The cholesterol content in the yolk increased linearly with the use of Miúda CPM (TC = 397.4 + 20.37CPM, R² = 0.77). This can be explained by the increase in the polyunsaturated fatty acids, linoleic and α-linolenic. The lipid composition of egg yolk can be altered, especially regarding the fatty acid profile, including the content of n-3 polyunsaturated fatty acids (PUFA) [68]. The cholesterol content of egg yolks has become an important issue for consumers, especially when it comes to preventing chronic diseases, including coronary heart disease. Cholesterol is synthesized by the human body and consumers have been advised to avoid ingesting cholesterol in the diet to prevent these diseases. More recently, it was determined that exogenous cholesterol actually represents a very small amount of blood cholesterol [69].

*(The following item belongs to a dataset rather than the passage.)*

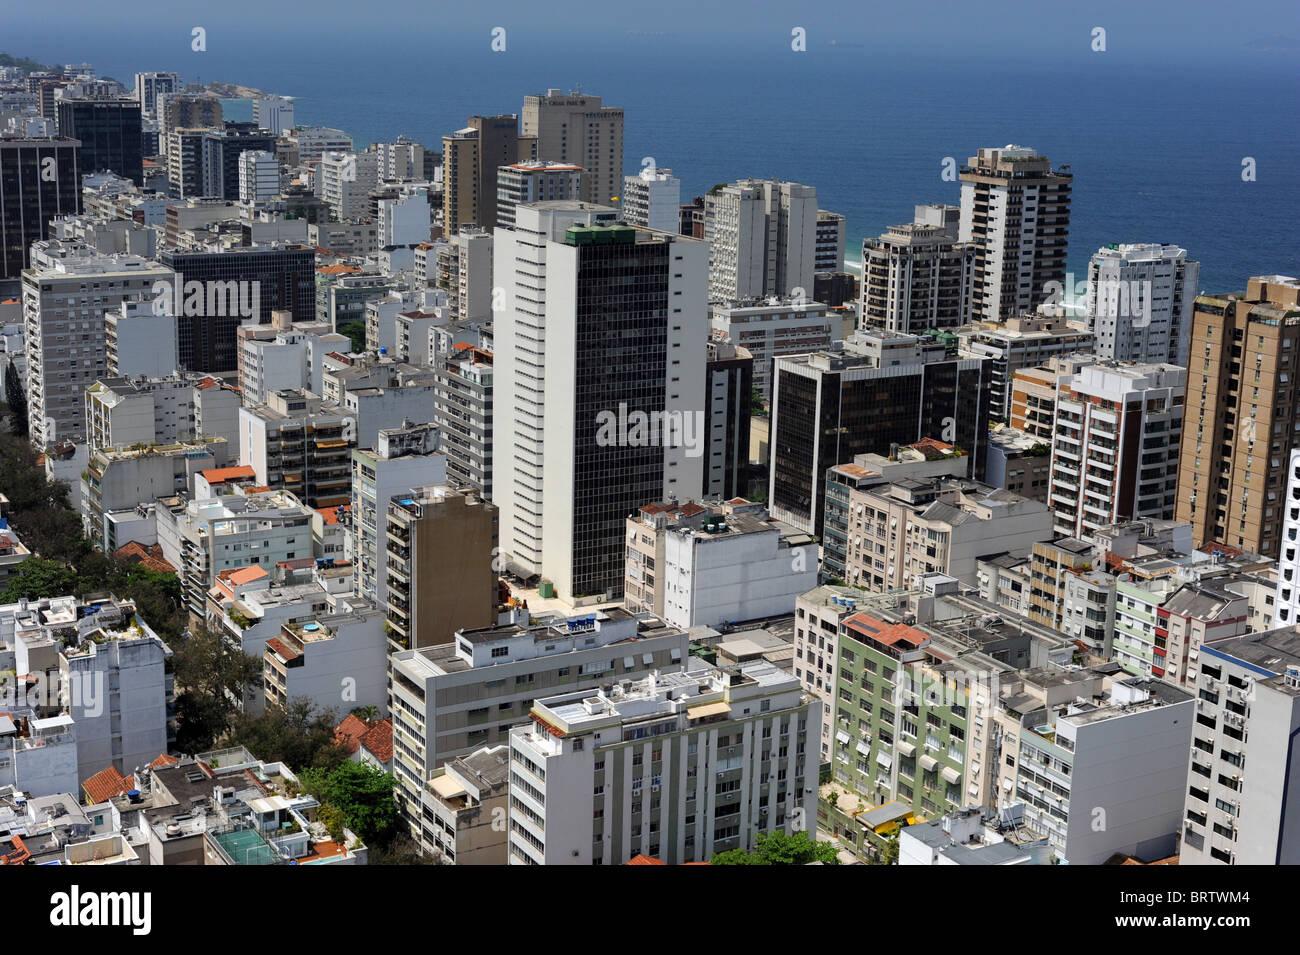 Aerial shot looking across the skyline of  Rio de Janerio - Stock Image
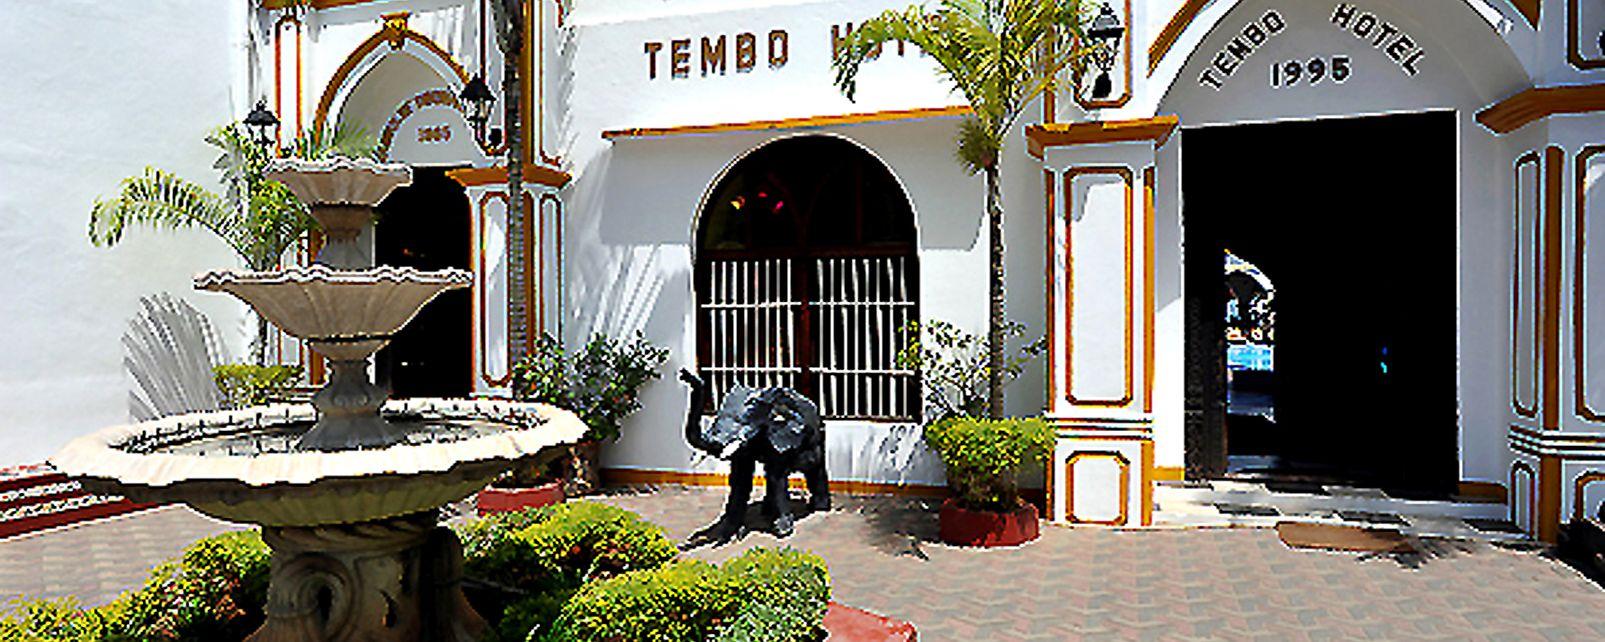 Hôtel Tembo House

Although feed intake was higher for hens receiving the diet with 6% Miúda CPM, the price of feed was higher in the 9% CPM diet in comparison to the others, which may be due to the increase in soybean oil in the diets to keep them isoenergetic. Consequently, feeding cost was also higher for the diet containing 6% CPM due to the higher feed intake. Egg dozen production (dozen/bird) was higher when hens consumed diets containing 6% Miúda CPM. A plausible explanation is that with 6% cactus pear meal in the diet, there was higher feed intake; consequently, more money was spent to produce the 6% Miúda CPM diet. In contrast, the ratio of feeding cost/egg dozen (BRL/dozen) was higher for the control diet, while for the diet with 6% Miúda CPM, the feeding cost to produce a dozen eggs was higher than the diets with 3% and 9%, respectively.

5. Conclusions

Although this study opened up new perspectives on the use of Miúda CPM in poultry nutrition, further studies are needed to elucidate its antioxidant potential and impact on poultry products. This indicates a promising direction for future research, where the composition of bioactive compounds in cactus pear and their potential beneficial effects on poultry products can be further explored.

Considering the results, it is possible to use 9% of Miúda CPM in the diet of laying hens in a semi-intensive system with no adverse effects on prejudice to the performance parameters and external and internal quality of eggs. When using 3% of Miúda CPM, a higher economic return was obtained.